Однако эти поля жили и шевелились. Во всю ширину стрелковой позиции, во всю глубину до самого горизонта по ним ровными цепями шли солдаты германской пехоты. Низкие, серые каски отблескивали алым в лучах солнца, тяжелые ранцы делали людей квадратными, жесткими, не похожими на людей.

Когда Морозов окинул глазами жидкую линию лунок и окопов стрелков гвардейской бригады, он понял, что их слишком мало против этой обрушившейся на них германской лавины и сопротивление бесполезно.

В стрелковых окопах была тишина. Казалось, с полей доносился тяжелый, мерный шаг германской пехоты.

– Без команды огня не открывать! – крикнул из окопа молодой генерал.

И точно повторяемые эхом понеслись эти слова по стрелковой цепи.

– Огня не открывать… Не открывать… Открывать… рывать…

Замерли вдали.

Напряженнее стало молчание…

Морозов сквозь стекла бинокля рассматривал немцев. Они казались близкими и ясными.

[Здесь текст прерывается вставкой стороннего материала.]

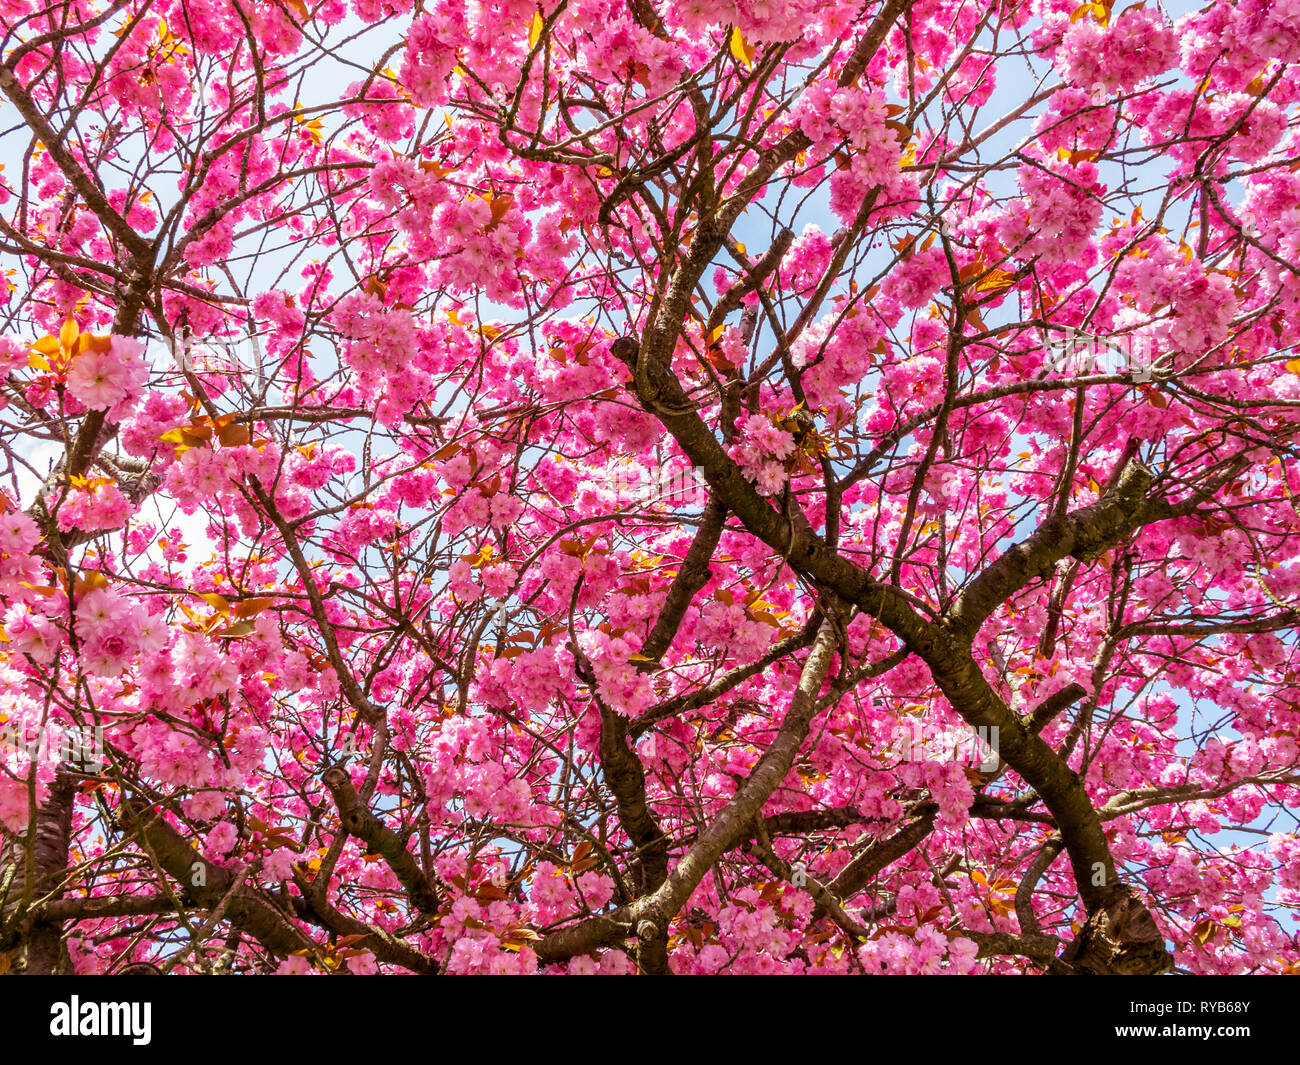 Beautiful Blooming May Cherry Blossom Tree In Front Of Saint John The Baptist Church In Rocherath Krinkelt Belgium Texture Background Stock Photo Alamy
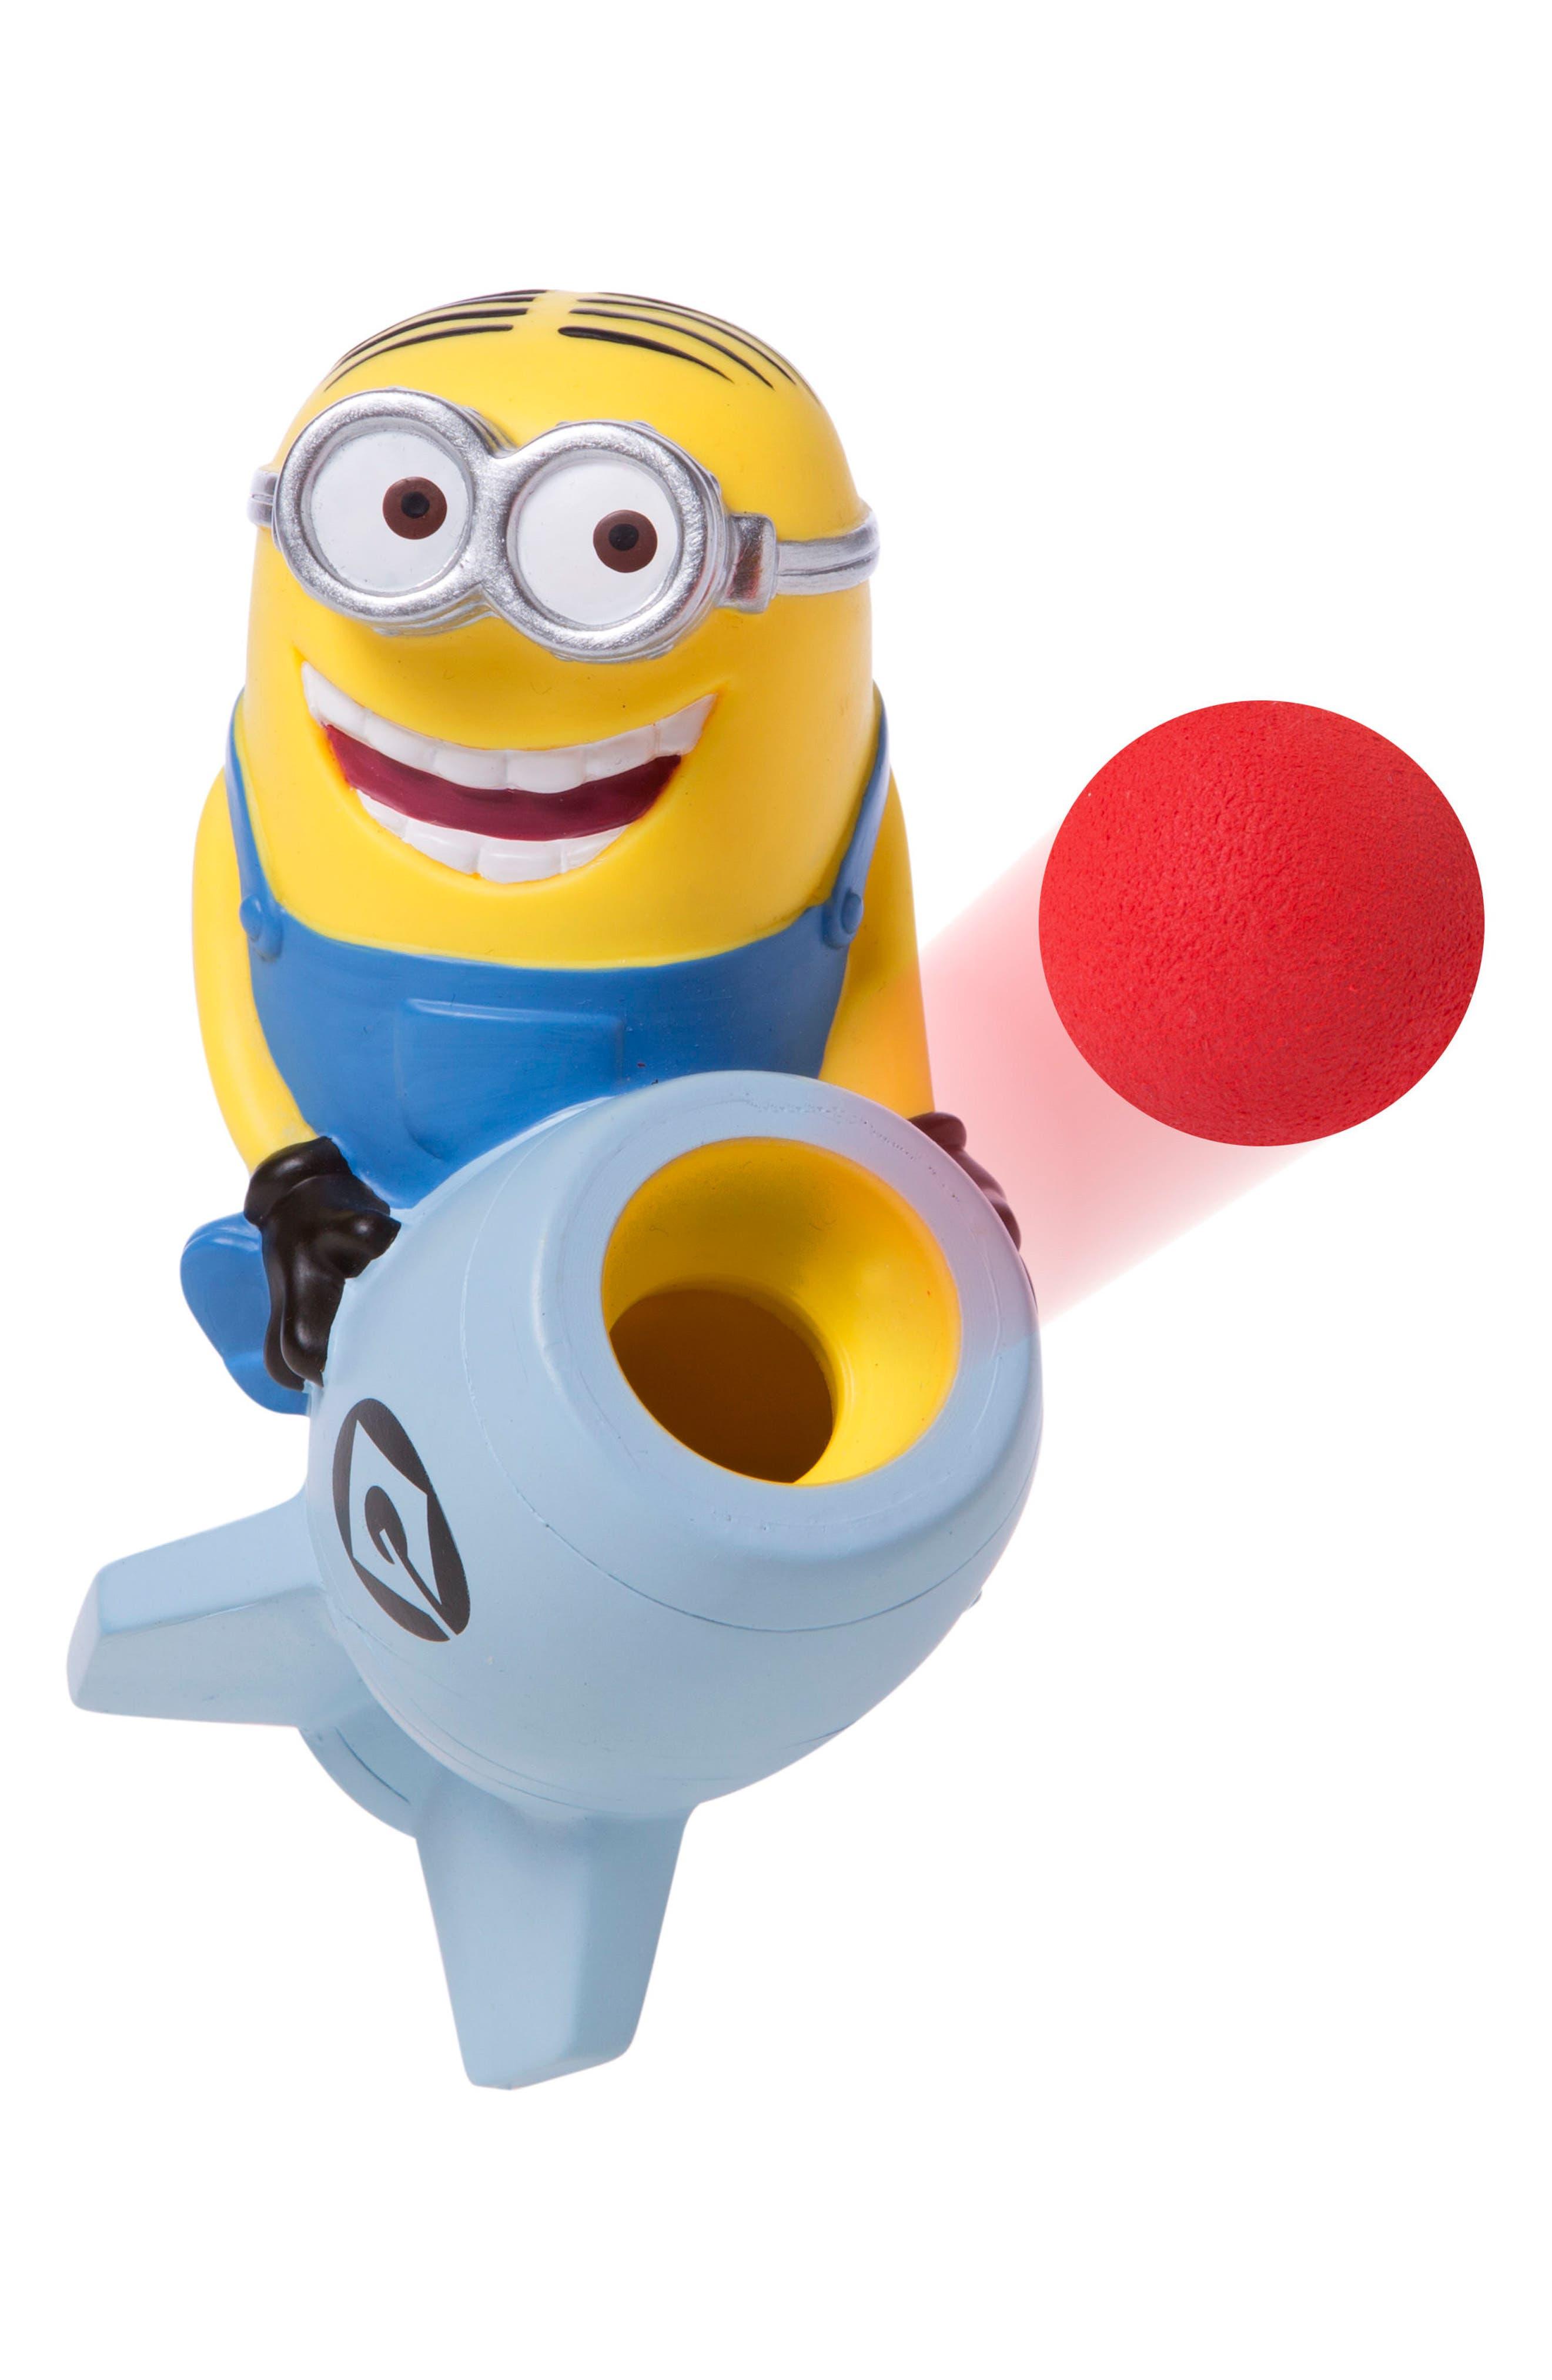 Main Image - Hog Wild Toys Dave Minion Popper Toy

«Попался… Как глупо! – неслись в голове мутные Мысли. – Убьют, искалечат при чужой части и не в атаке, а так, без всякого дела. И все будет кончено. А что, в сущности, кончено? Кончено то, что не имело начала. Разве было начало?»

Вдруг вспомнил, как шел он по лестнице их константиновского дома и, шаля, припадал на одну ногу, а внизу, у фонтана шумела, рассыпаясь радугами, вода, и мальчик, босой, в белой рубашке, стоял у фонтана. Нет, это не начало… Ему мать рассказывала, как недвижный лежал он на спине в колясочке-колыбели, глядел блестящими глазами на солнце и косил ими, улыбаясь, на мать. Может, это начало. Он ничего не помнит. Из неведомой дали пришел он и уйдет в неведомую даль, туда, где его ждет… любимая и ушедшая. «Что же?.. Поцелуй свиданья?..»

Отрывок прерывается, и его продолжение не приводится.